**THE TASK:**
Please repeat the records exactly, keeping the pictures out.

**GIVEN RECORDS:**
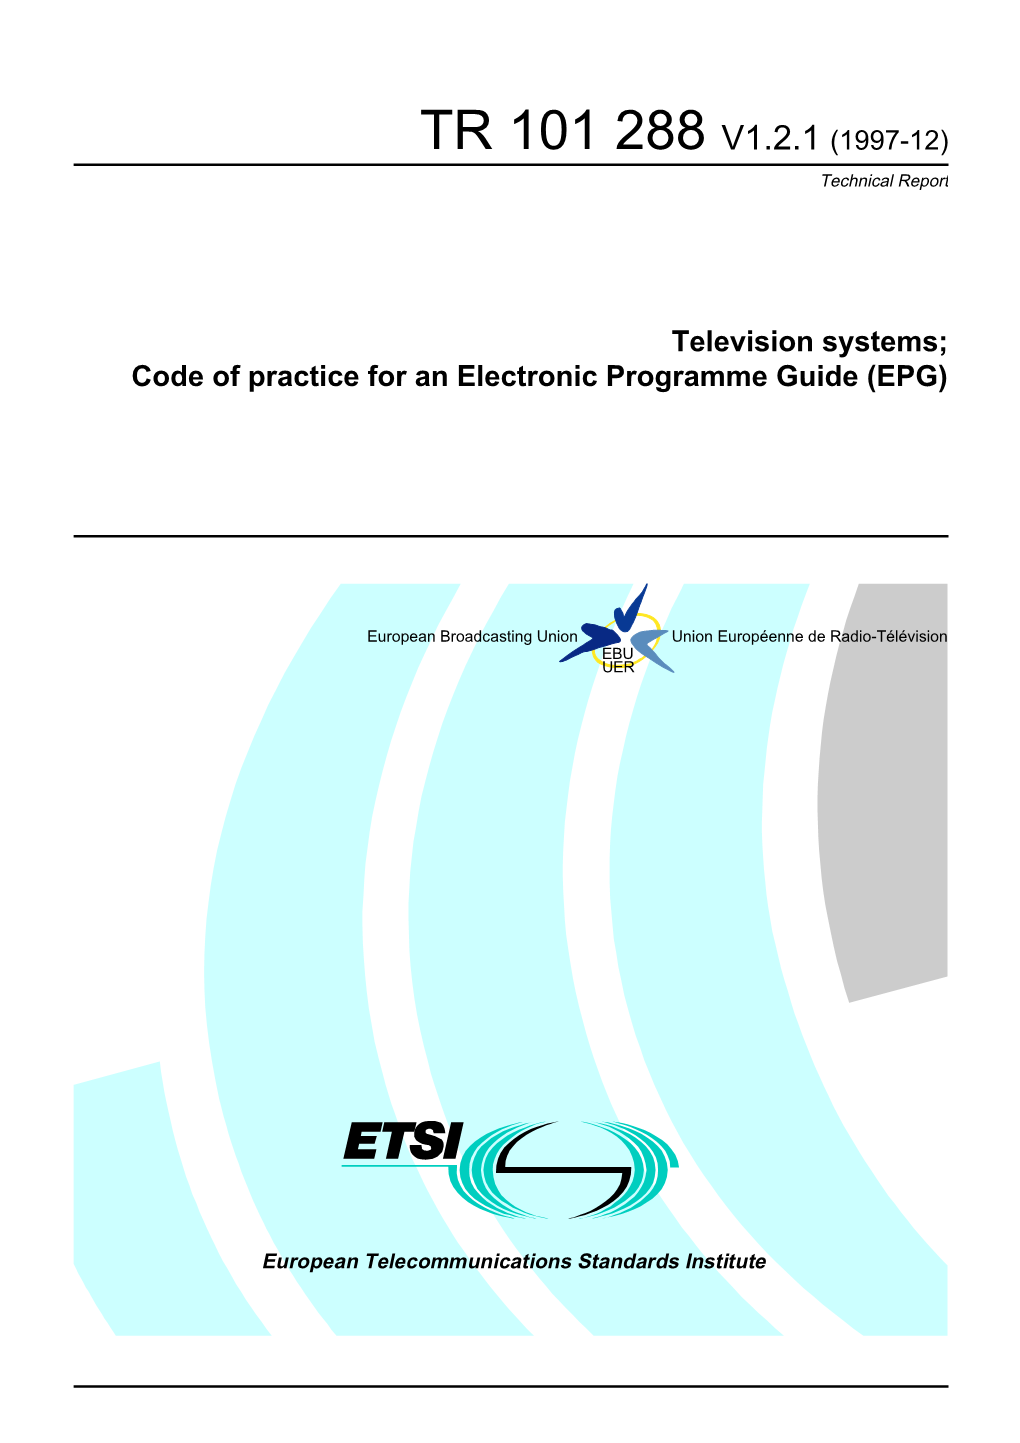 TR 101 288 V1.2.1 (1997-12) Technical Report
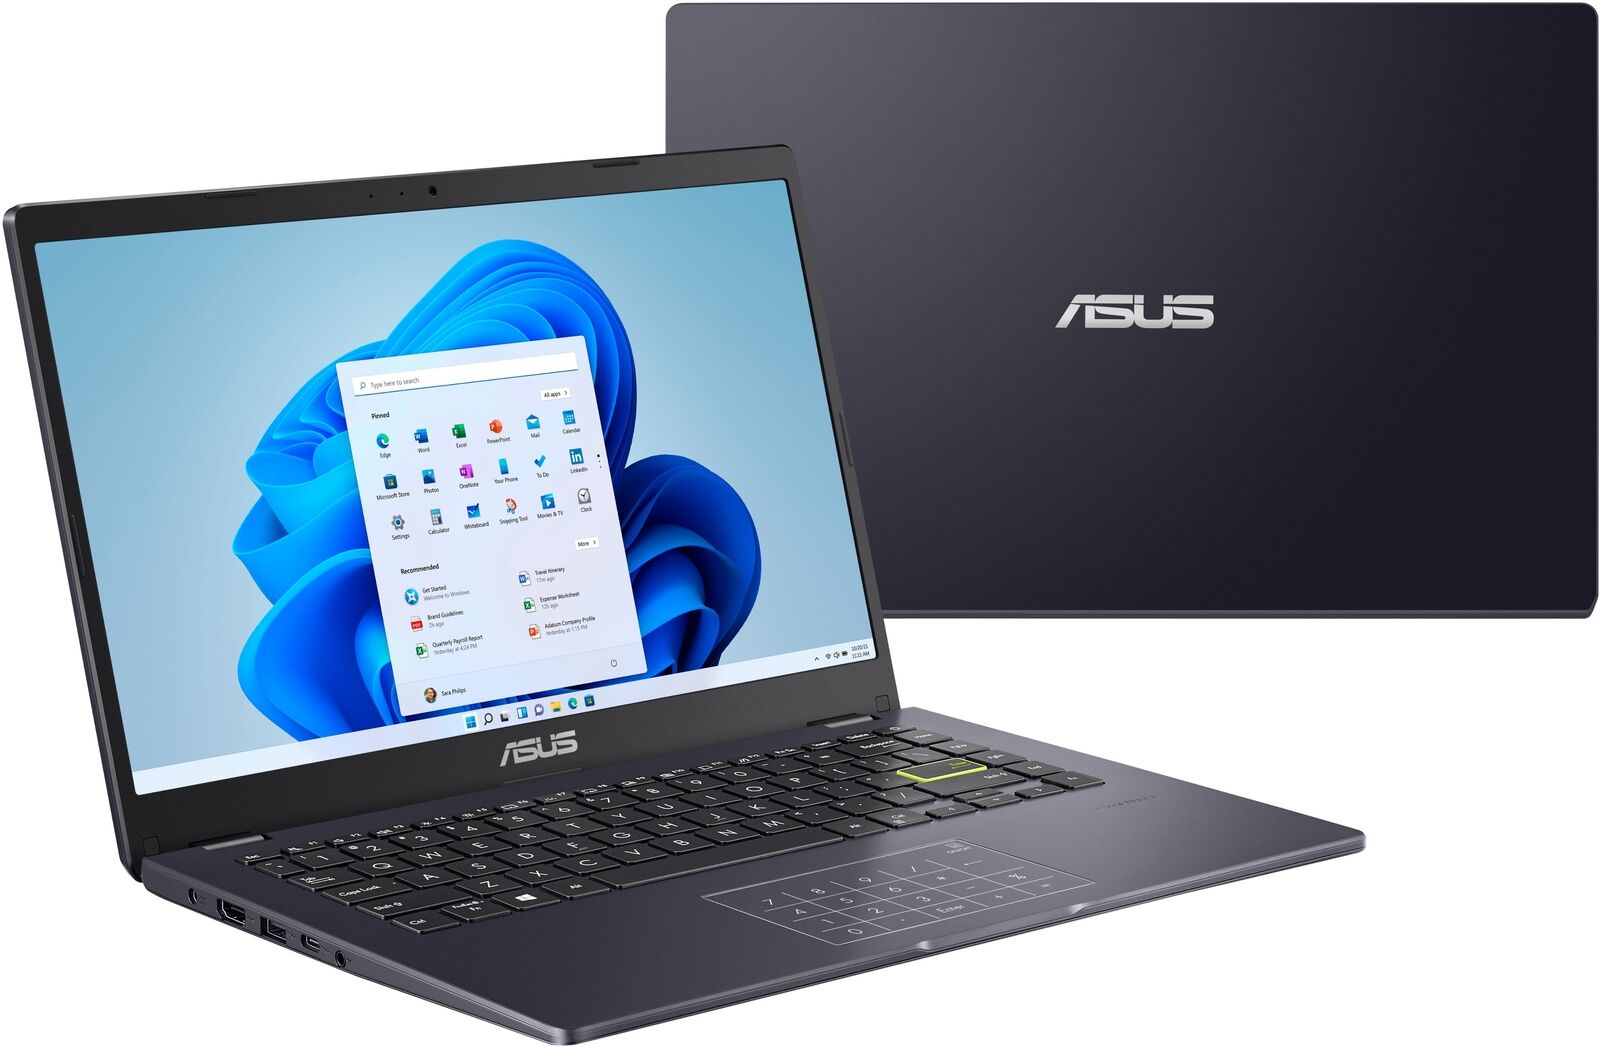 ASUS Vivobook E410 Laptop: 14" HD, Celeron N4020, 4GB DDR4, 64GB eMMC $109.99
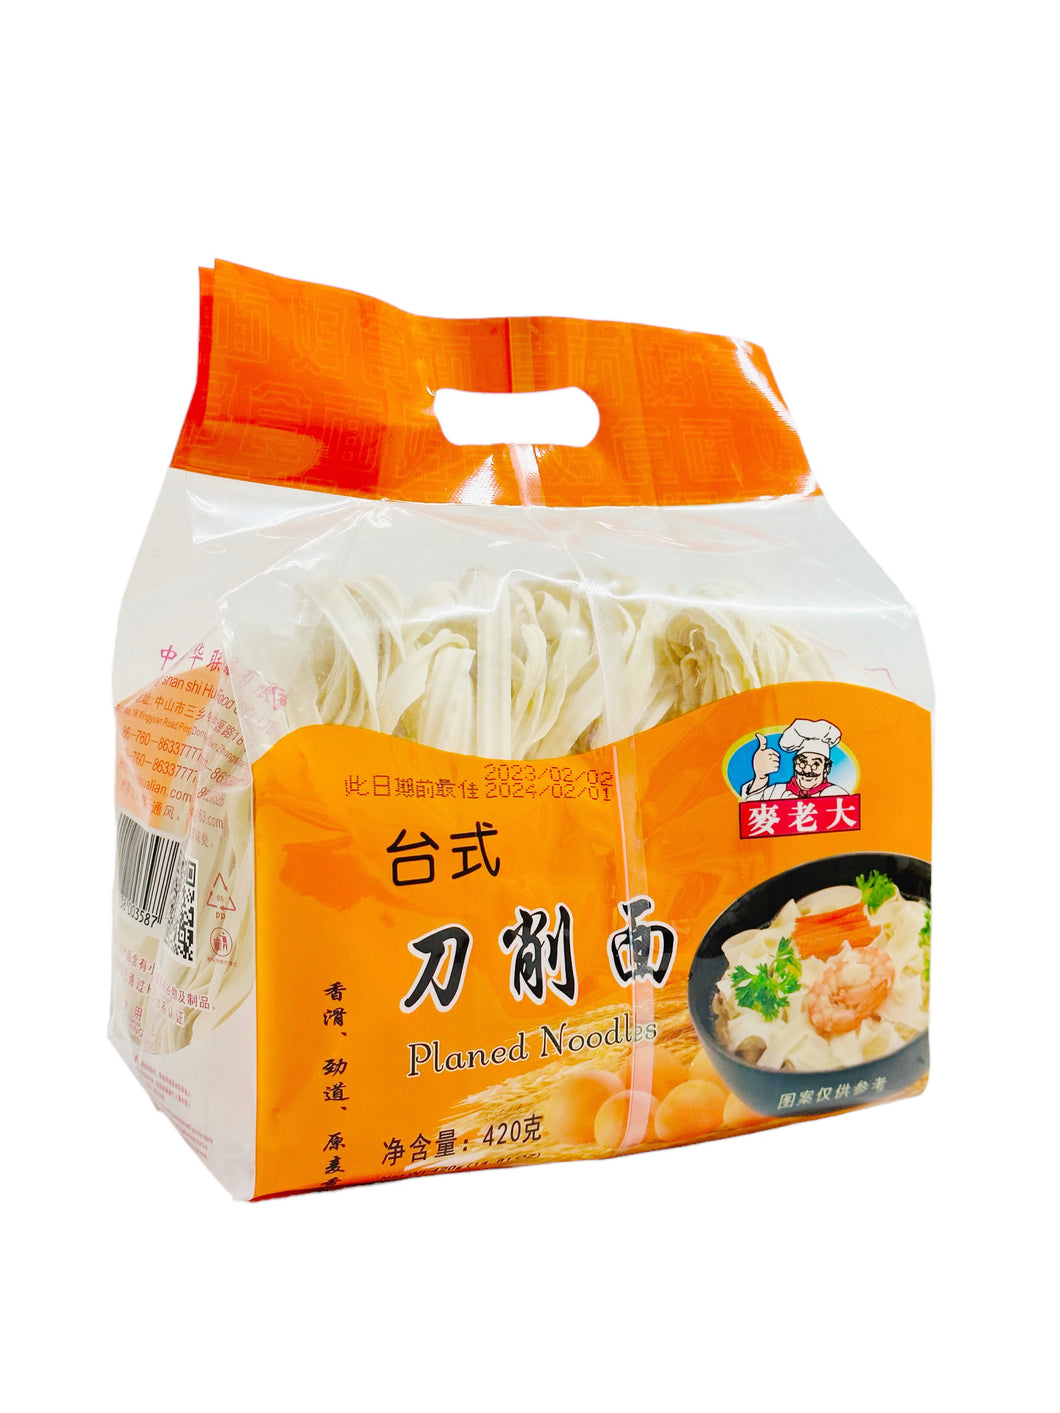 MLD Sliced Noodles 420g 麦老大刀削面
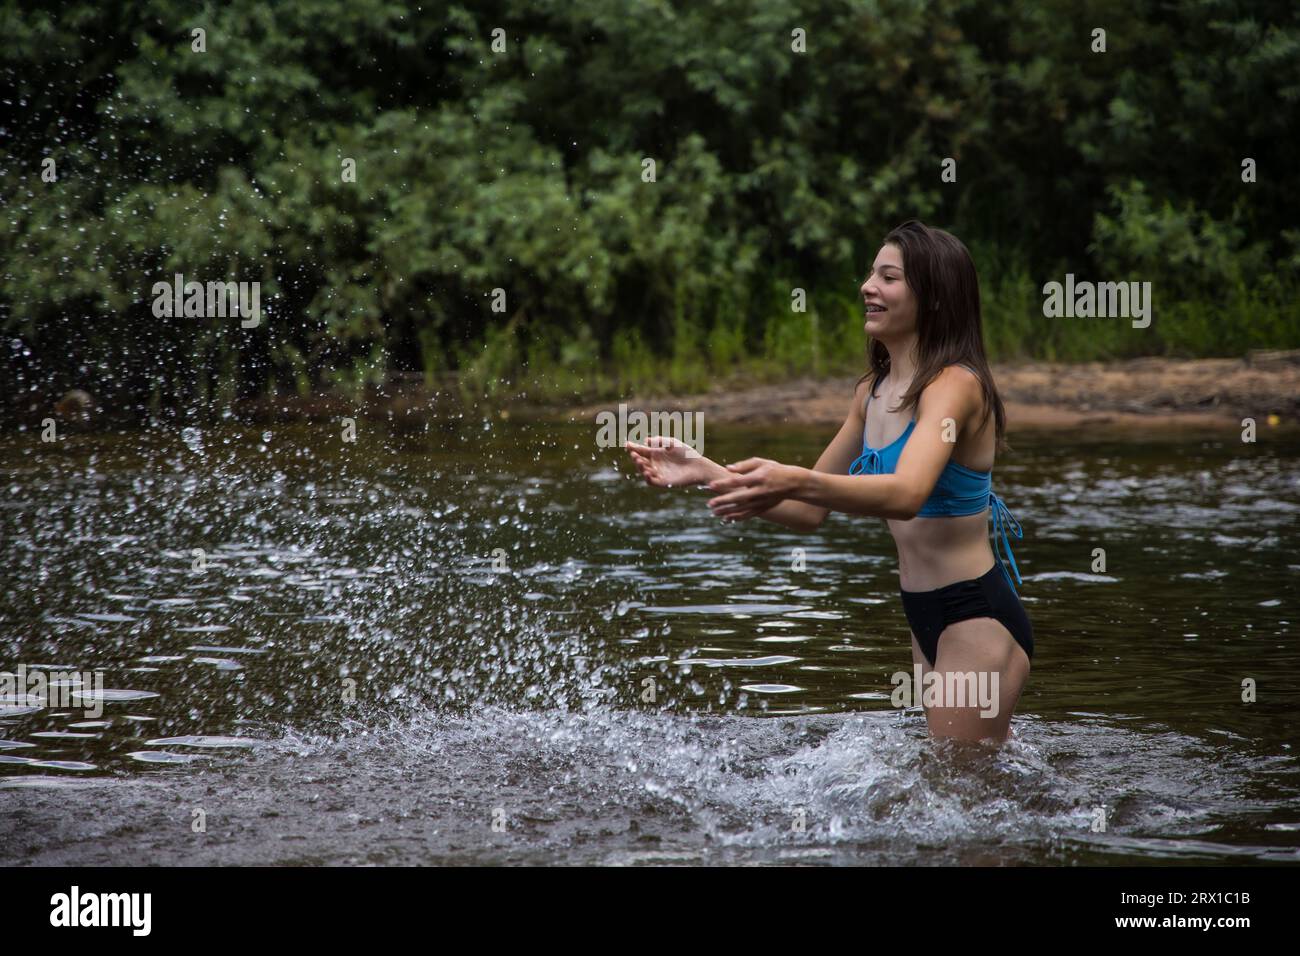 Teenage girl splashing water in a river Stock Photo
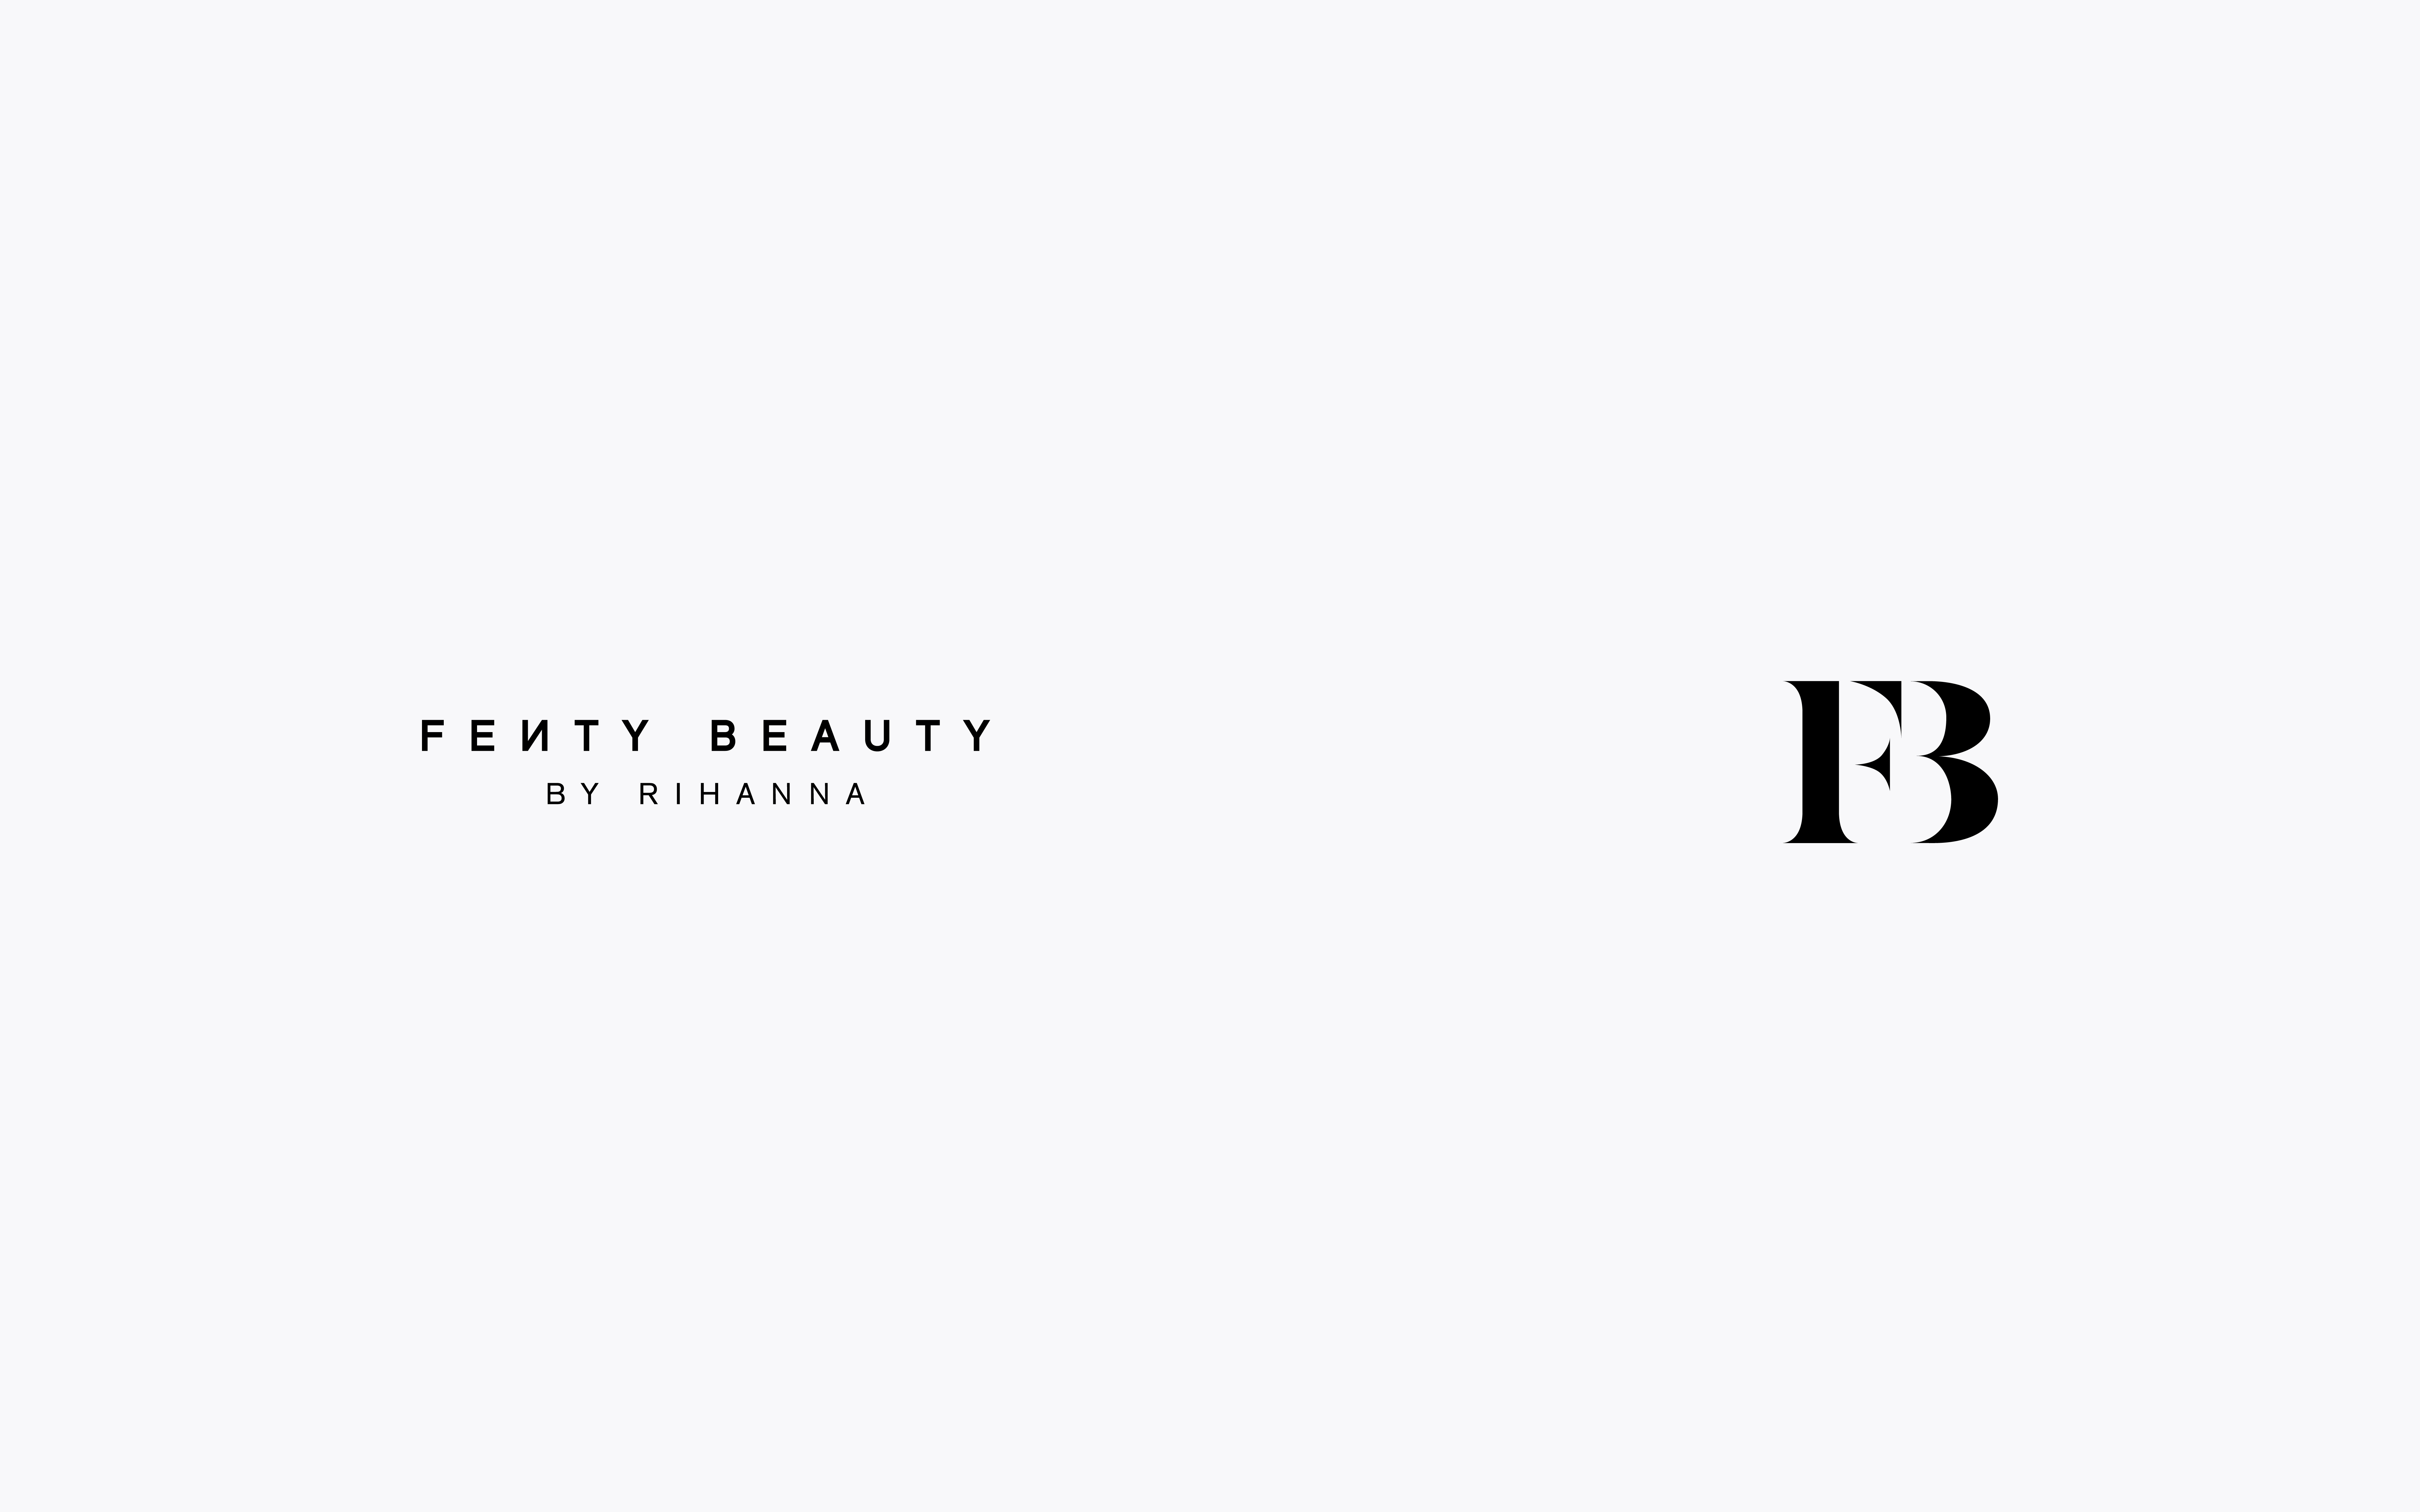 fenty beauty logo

**RESPONSE TO THIS TASK:**
 TR 101 288 V1.2.1 (1997-12) Technical Report
 ASUS Vivobook E410 Laptop: 14" HD, Celeron N4020, 4GB DDR4, 64GB eMMC $109.99
 MLD Sliced Noodles 420g 麦老大刀削面
 Teenage girl splashing water in a river Stock Photo
 fenty beauty logo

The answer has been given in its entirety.